**TASK REQUIREMENTS:**
Scan the listing below for the string "Commit" and copy each line where it turns up.

**MATERIAL FOR THE TASK:**

----

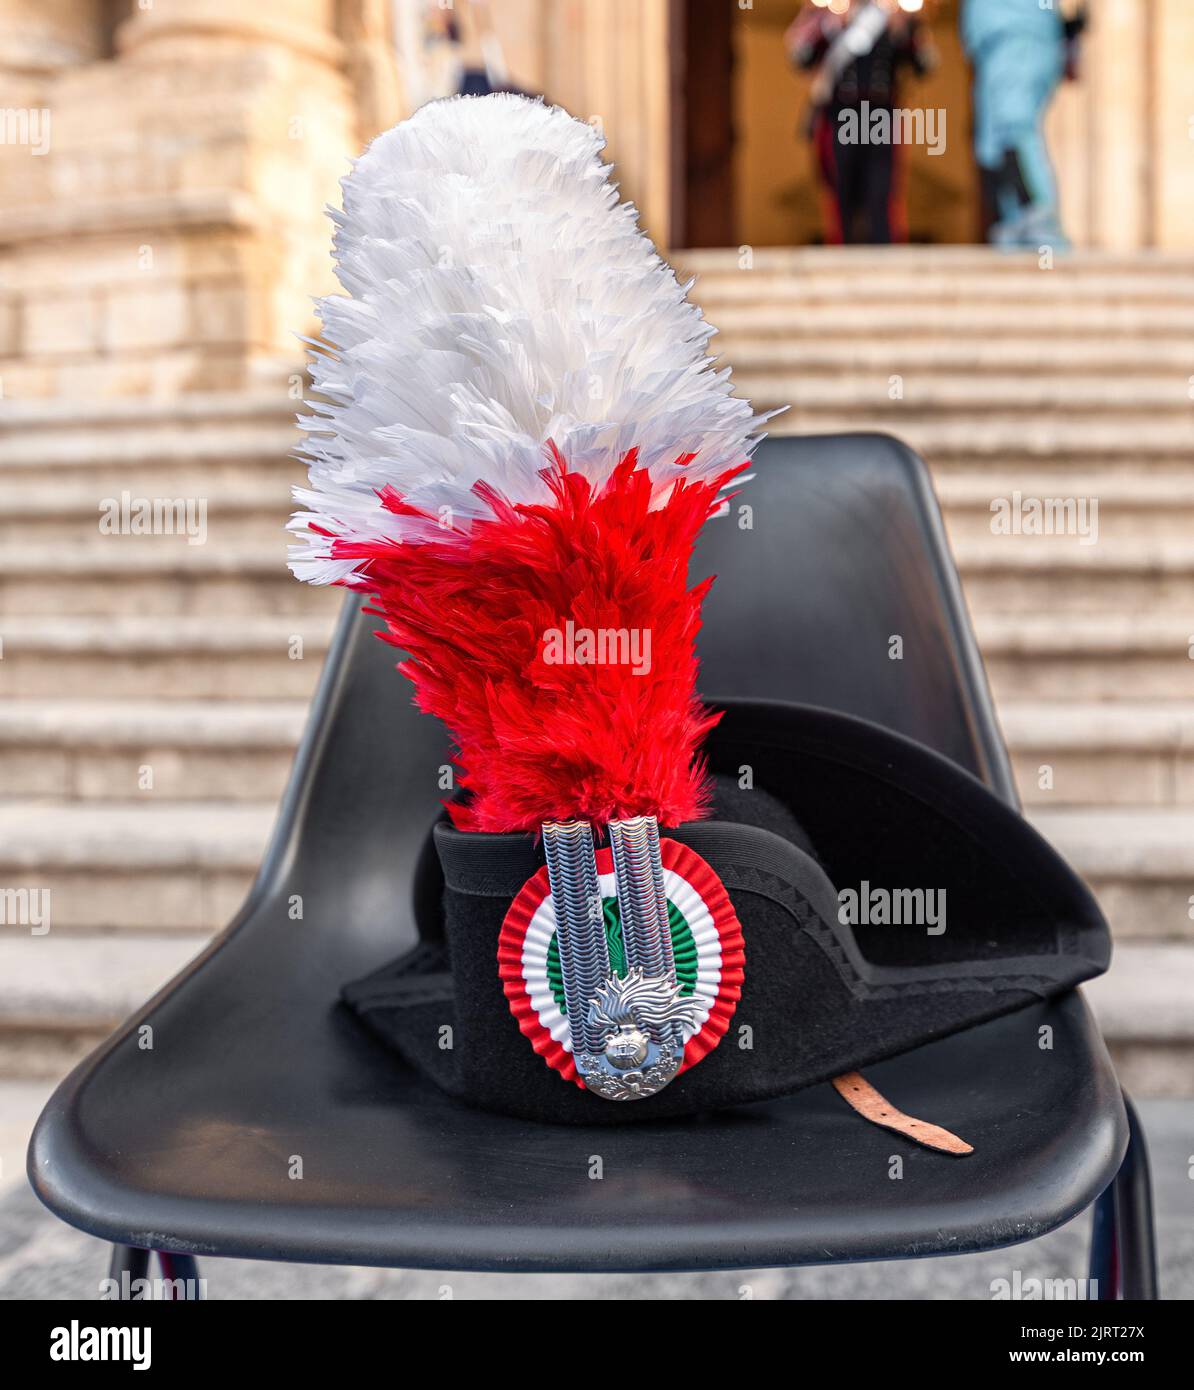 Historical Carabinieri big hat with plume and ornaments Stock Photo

----

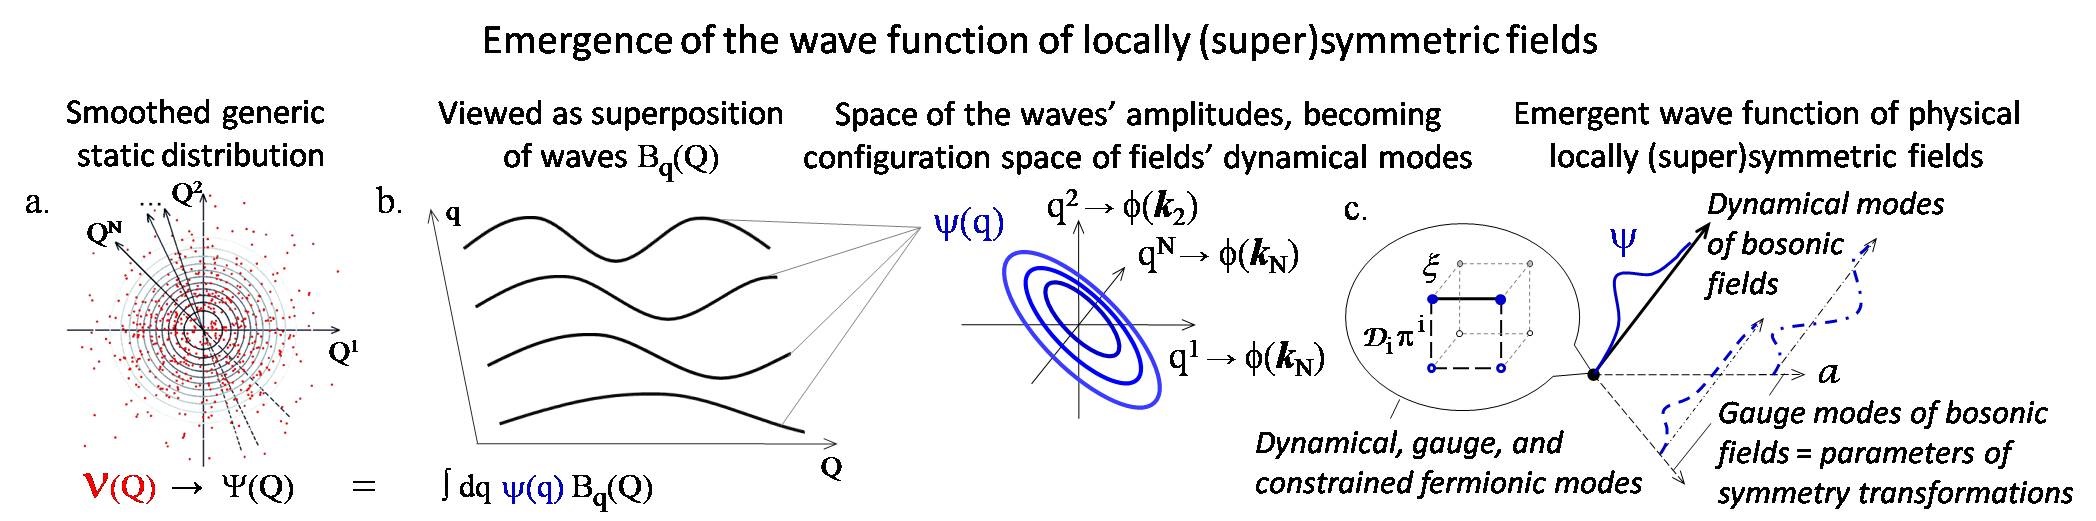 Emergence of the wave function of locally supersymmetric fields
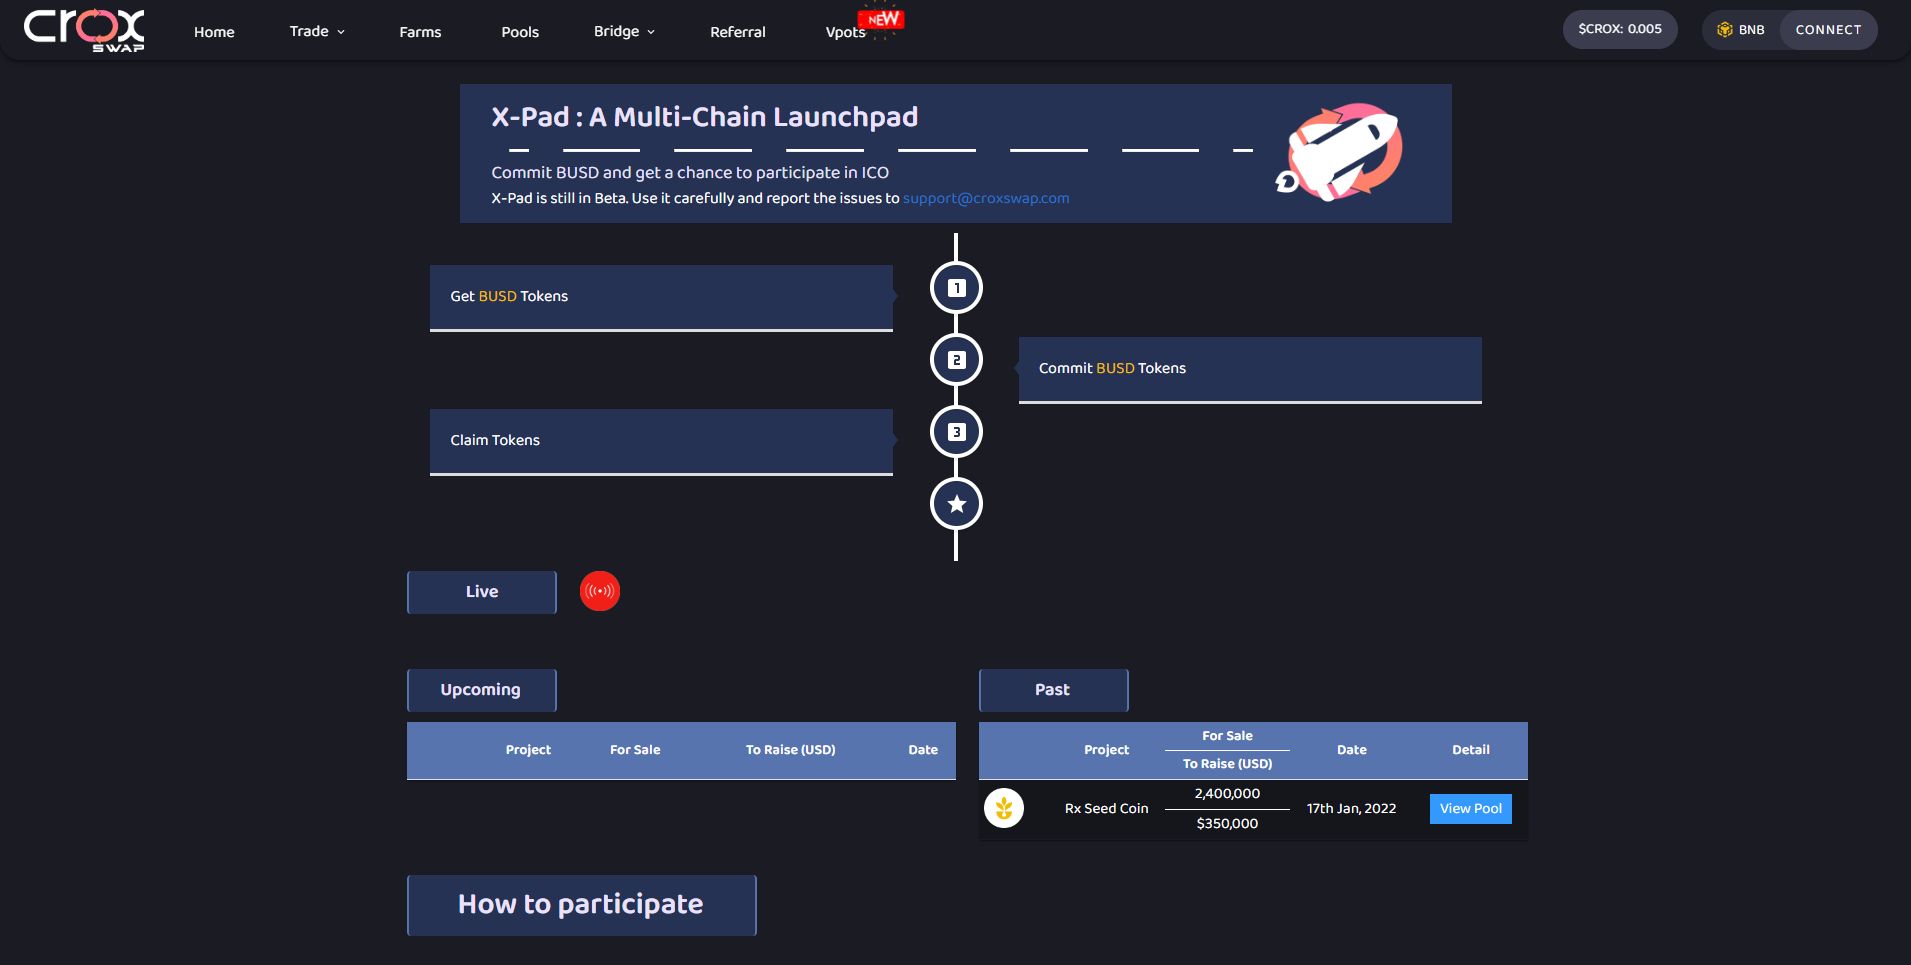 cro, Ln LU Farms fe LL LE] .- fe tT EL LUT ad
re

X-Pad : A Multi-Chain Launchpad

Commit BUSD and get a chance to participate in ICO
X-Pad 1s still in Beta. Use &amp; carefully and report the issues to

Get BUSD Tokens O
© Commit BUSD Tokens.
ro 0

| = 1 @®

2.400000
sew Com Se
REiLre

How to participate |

----

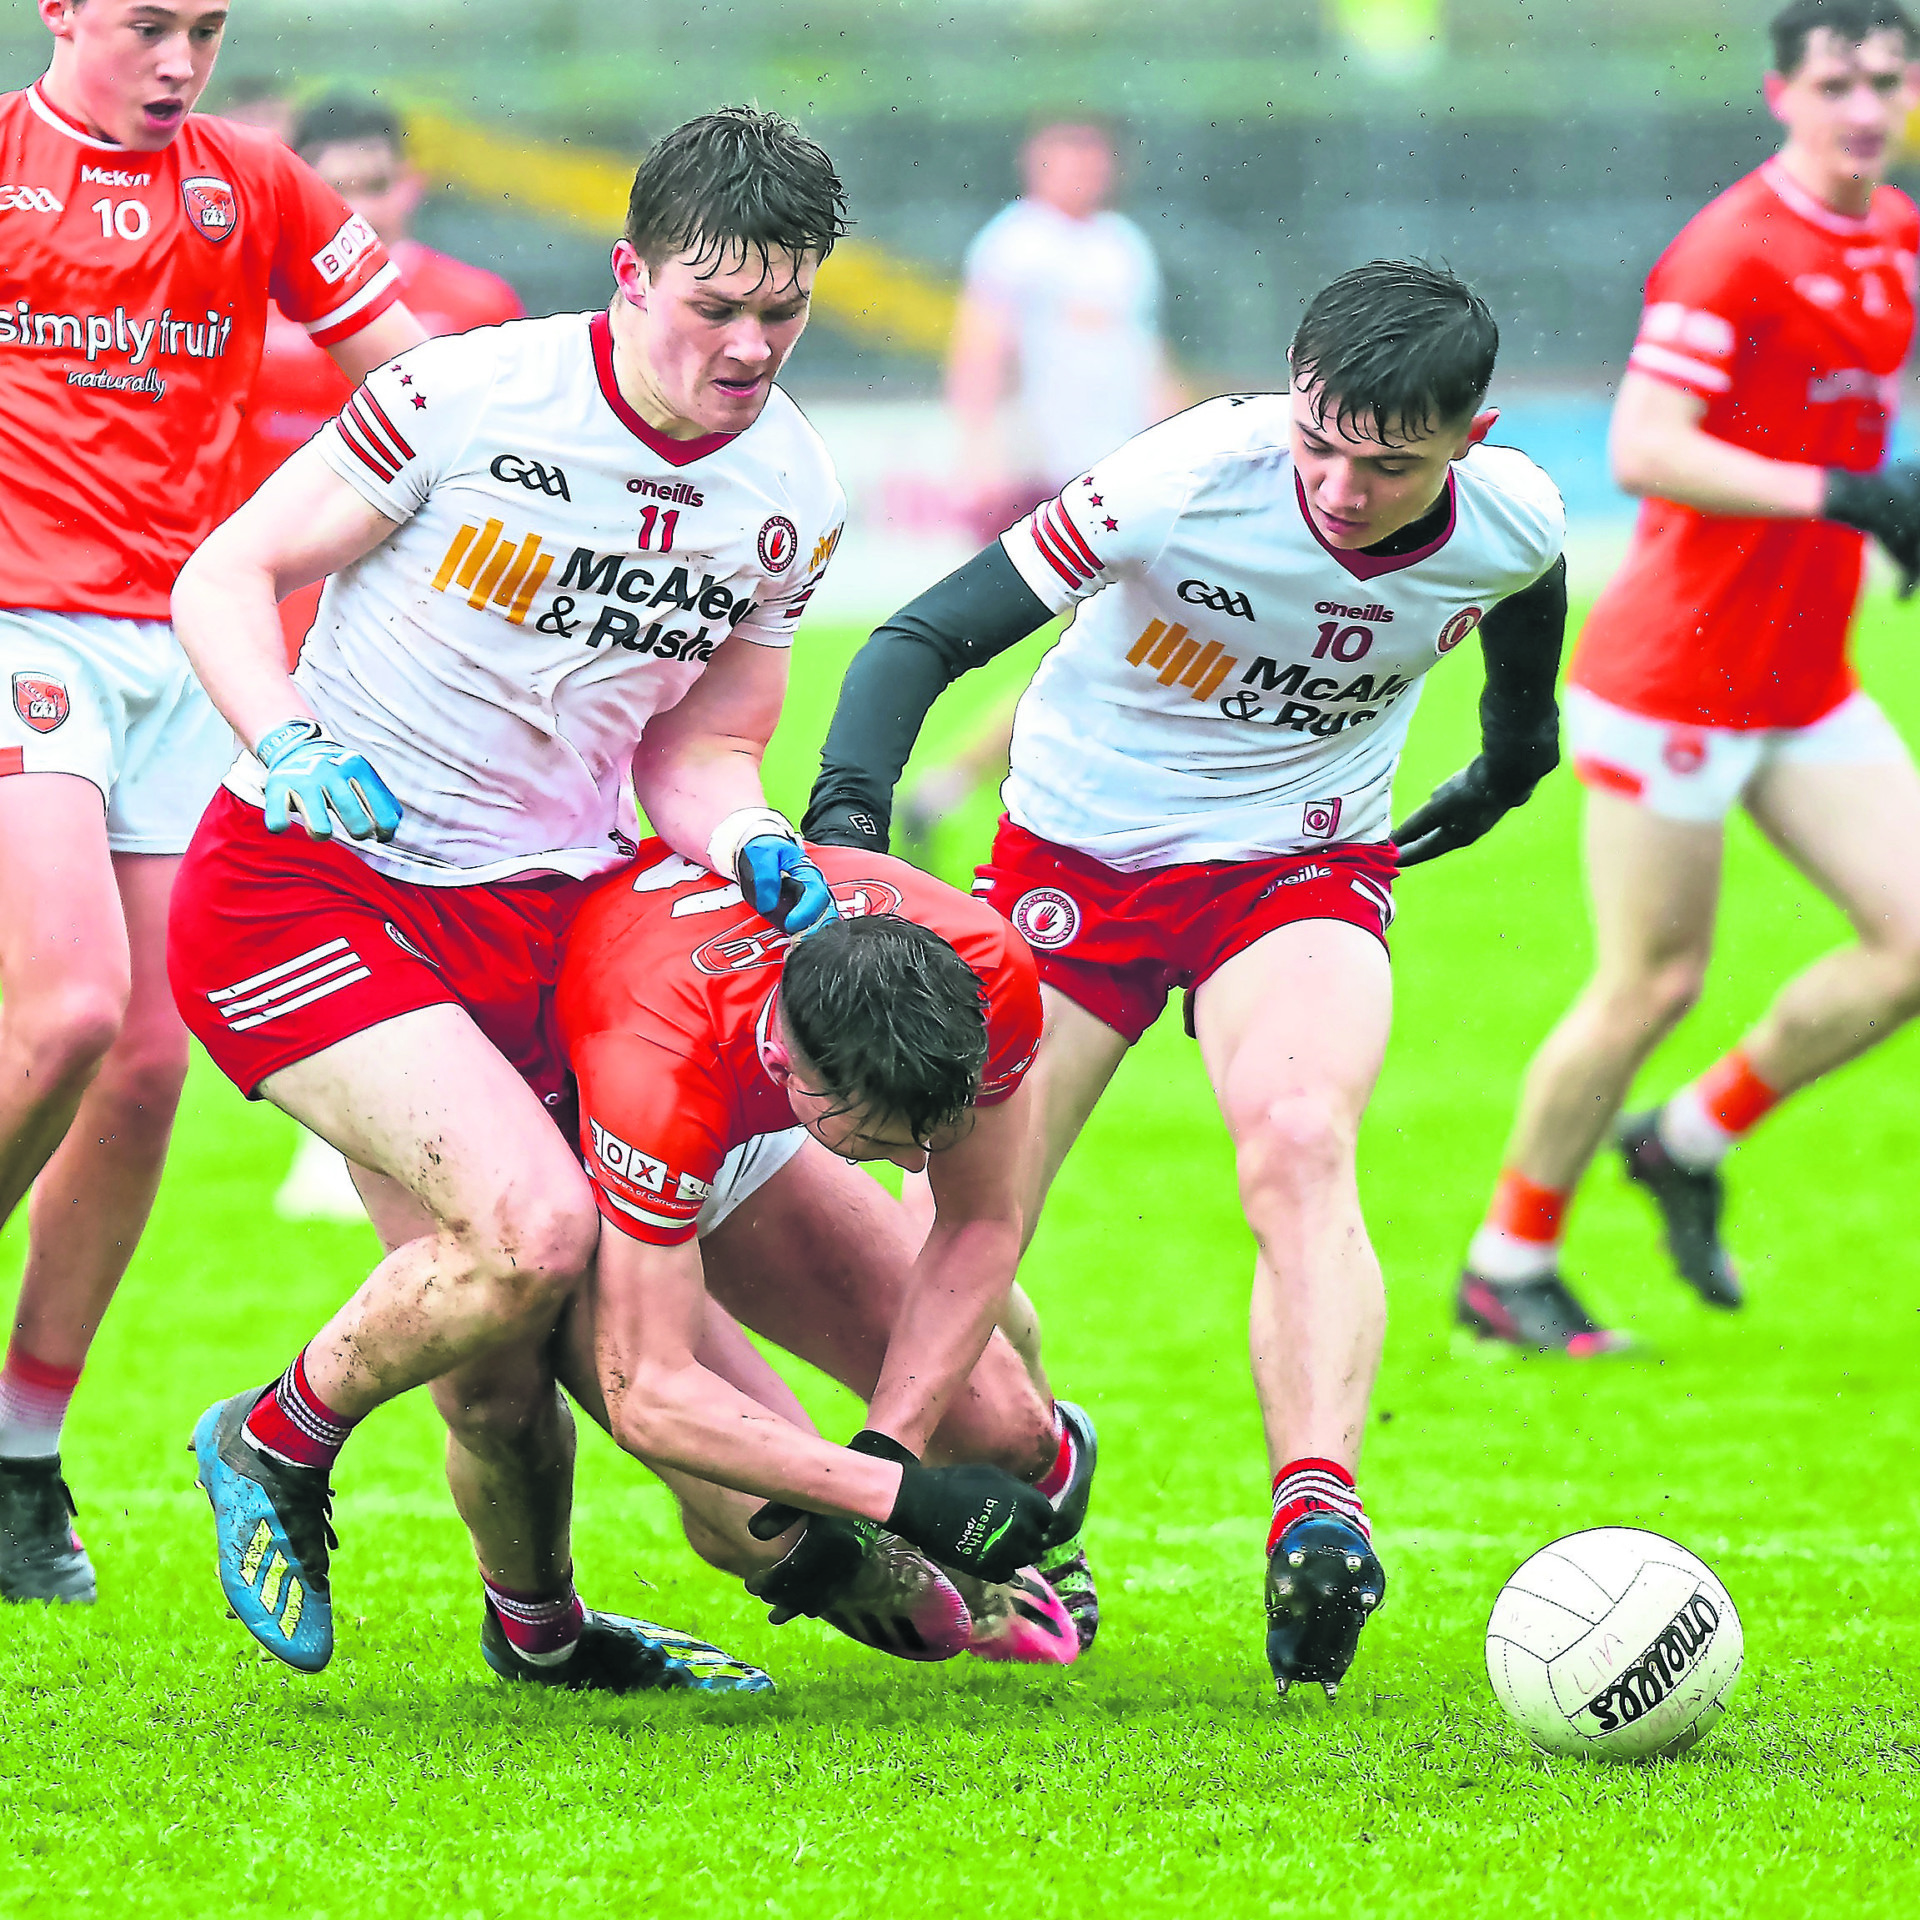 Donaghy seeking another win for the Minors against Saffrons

----

**EXERCISE SOLUTION:**
Commit BUSD and get a chance to participate in ICO
© Commit BUSD Tokens.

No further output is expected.